Овраг — будь он проклят — глубокий, крутой, с песчаными, сыпучими бортами. Сухой песок, едва ступлю на него, оживает и мчится водопадом. Несколько раз уносит и меня. При каждом таком полете можно, стукнувшись о дерево, разрядить в себя автомат, подорваться на гранате. Больше на руках, цепляясь за обнаженные корни деревьев, выбираюсь наконец из оврага. По мне тут же открывают стрельбу. Я надежно скрыт кустарником, и свет кругом неяркий, далекий, палят явно на шум. Это мне урок: живи тихо!

С обстрелянного места переползаю на другое, закучу хвороста. Пальба стихает, — значит, меня потеряли, не слышат. Отсюда хорошо вижу поле, небо, деревню. По-прежнему лучи прожекторов ошаривают высоту, взлетают ракеты, бьют зенитки, радужной метелью кружатся трассирующие пули. Но ни самолетов, ни парашютов не видно. Самолеты при таком зенитном огне набирают высоту больше заданной, их трудно увидеть. Но почему нет парашютов? Закончена выброска десанта или десант не удался?
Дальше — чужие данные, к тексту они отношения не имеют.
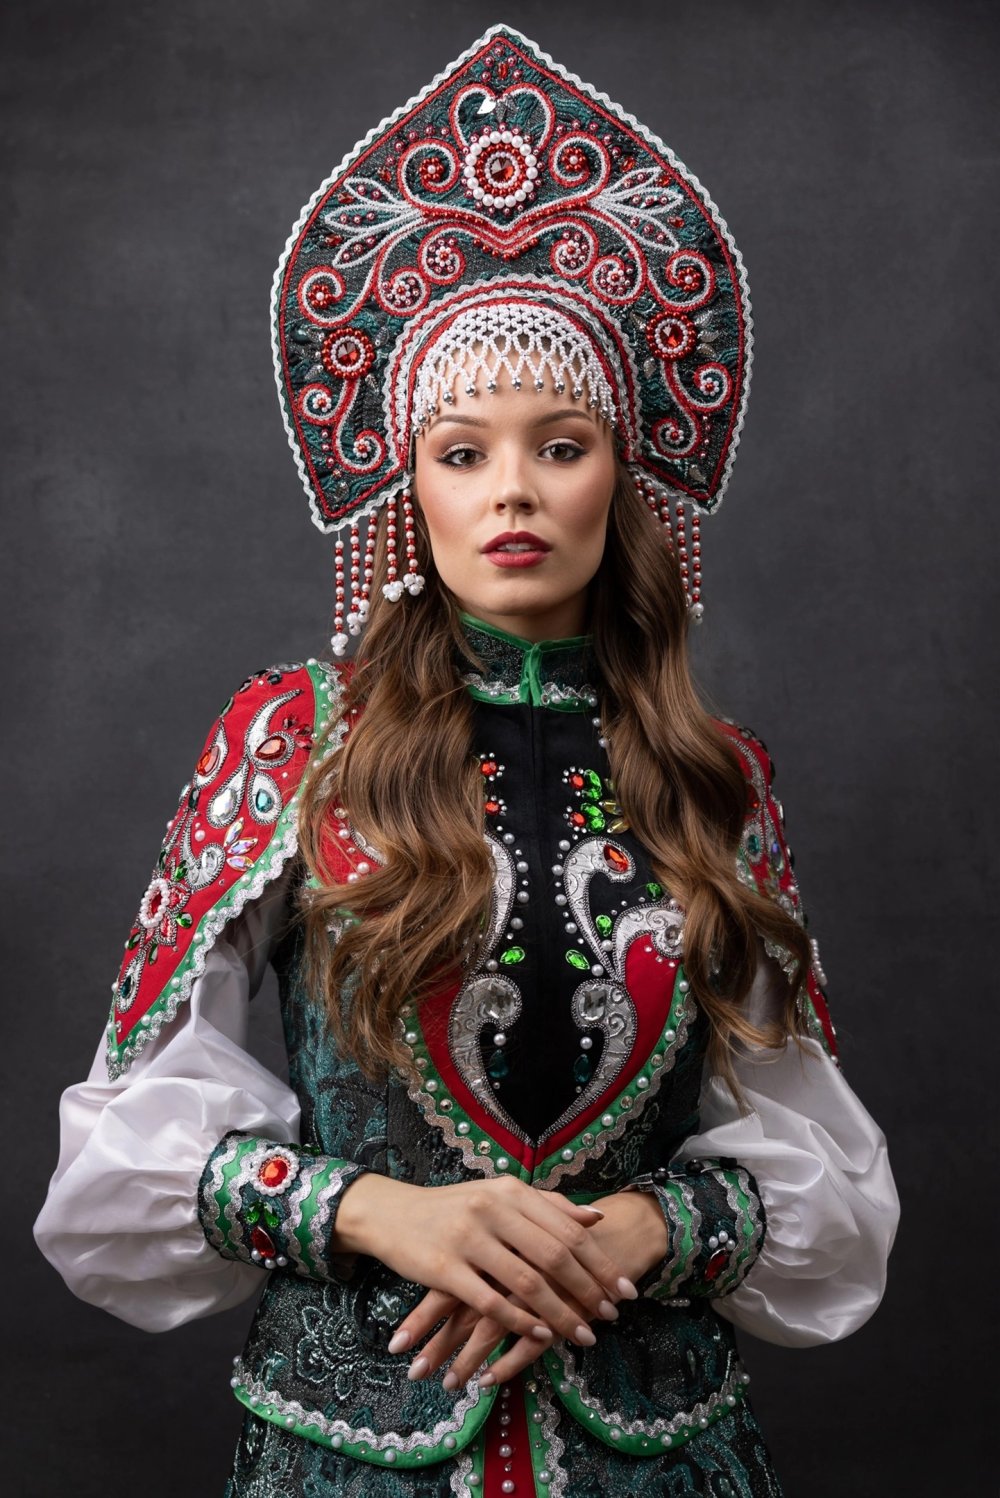 Студентка из Химок стала победительницей конкурса «Мисс Россия - 2023»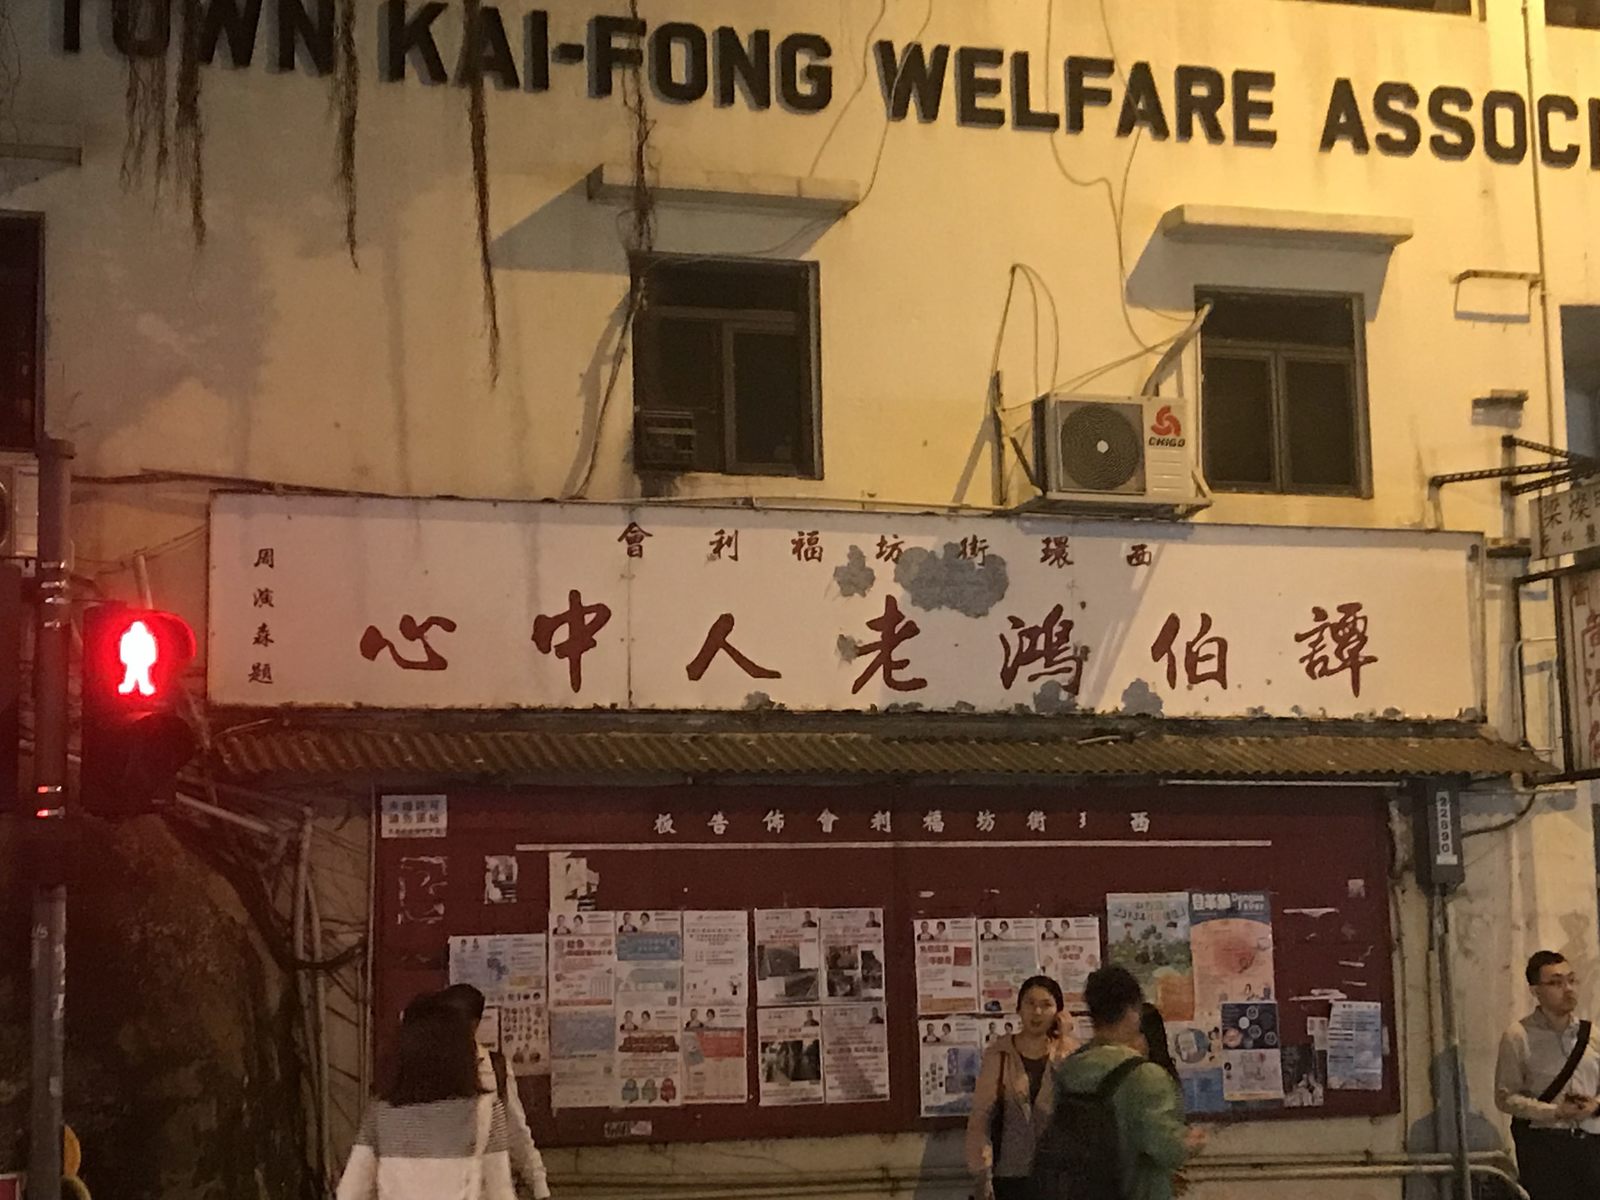 Tam Pak Hung Social Centre for the Elderly sign

Да, возможно. Противник встретил нас сильным зенитным огнем. Сила огня, должно быть, вынудила летчиков лететь выше, шибче и подальше от огневых точек врага, сбросить нас, не сбавляя скорости, не снижая высоты.

Перед прыжком я позабыл взглянуть на указатель высоты и не заметил, молчали или продолжали работать моторы самолета.

Уходя от зенитного огня, летчики, знать, разбросали, разбрызнули нас на широком пространстве, потом ветер разогнал парашюты еще дальше от сборного пункта.

Если бы дело шло хорошо, теперь это поле было бы укрыто парашютами, как одеялом.

А может, я один приземлился неладно, лишь меня отбрызнуло?

В деревне стрельба, галдеж. Время за полночь, в хатах темно, и вдруг зажгли свет. Кажется, кричат: «Ур-ра-а!..» Сейчас будут: «За родину! Вперед!» Десантники уже идут в атаку. Но крик заглох на первом звуке. Верней всего, это танки рыкнули гусеницами.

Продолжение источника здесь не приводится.